# Schutztür



## Hitschkock (18 August 2012)

Hi Zusammen,

Gibt es eine Vorschrift für die Verriegelten Zuhaltungen wenn die Maschine Spannungsfrei geschaltet ist.
Wann muss das Schloß zu öffnen ein oder geschloßen bleiben.


Ich kenne einige BAZ Herrsteller bei denen die Arbeitsraum Tür zu bleibt wenn man die Maschine abschaltet und schlimmer
wenn die Tür auf war und abgeschaltet wurde, wenn jetzt jemand im Innenraum arbeitet und sich durch eine unbedachte bewegung die Tür schliest " ätsch gefangen".

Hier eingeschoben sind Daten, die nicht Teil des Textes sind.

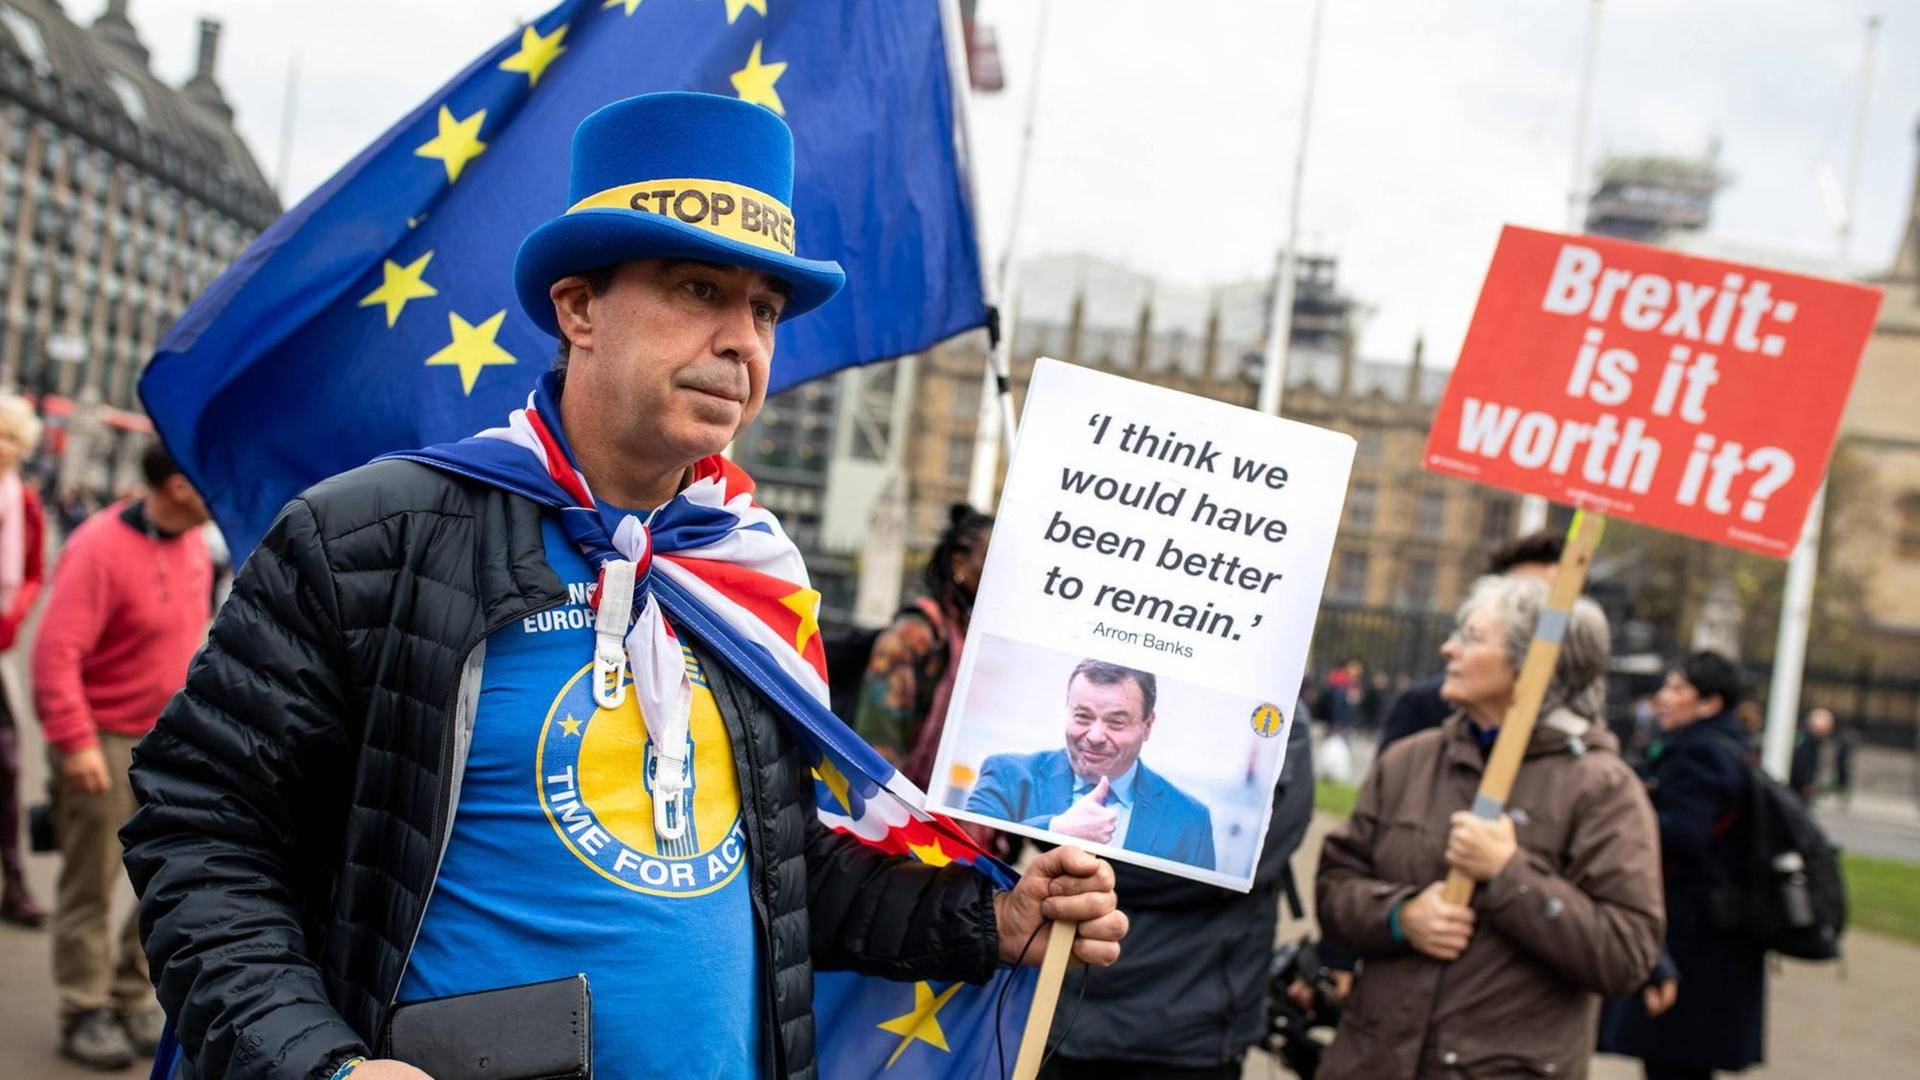 Ein Mann demonstriert mit anderen Brexit-Gegnern auf dem Londoner Parliament Square. Er trägt einen blauen Zylinder mit der Aufschrift: "Stop Brexit". Außerdem hält er ein Plakat mit einem Zitat von Arron Banks hoch: "I think we would have been better to remain." Im Hintergrund ist eine Frau zu sehen, die ein Plakat mit der Aufschrift hochhält: "Brexit: is it worth it?"

Was ist bei solchen Türen richtig?​


----------



## Sockenralf (18 August 2012)

Hallo,
wenn hinter der Türe eine nachlaufende Masse ist gibt´s m. M. nach nix anderes wie:
Entriegeln MIT SPANNUNG

Ich meine, sowas auch bei Schmersal im Katalog gelesen zu haben

Zum "einsperren" gibt´s mittlerweile Schalter mit Notentriegelung von Innen

MfG


----------



## rostiger Nagel (18 August 2012)

Oft schreiben es die 'C-Normen' einfach vor das mit Spannung entriegelt werden muss. 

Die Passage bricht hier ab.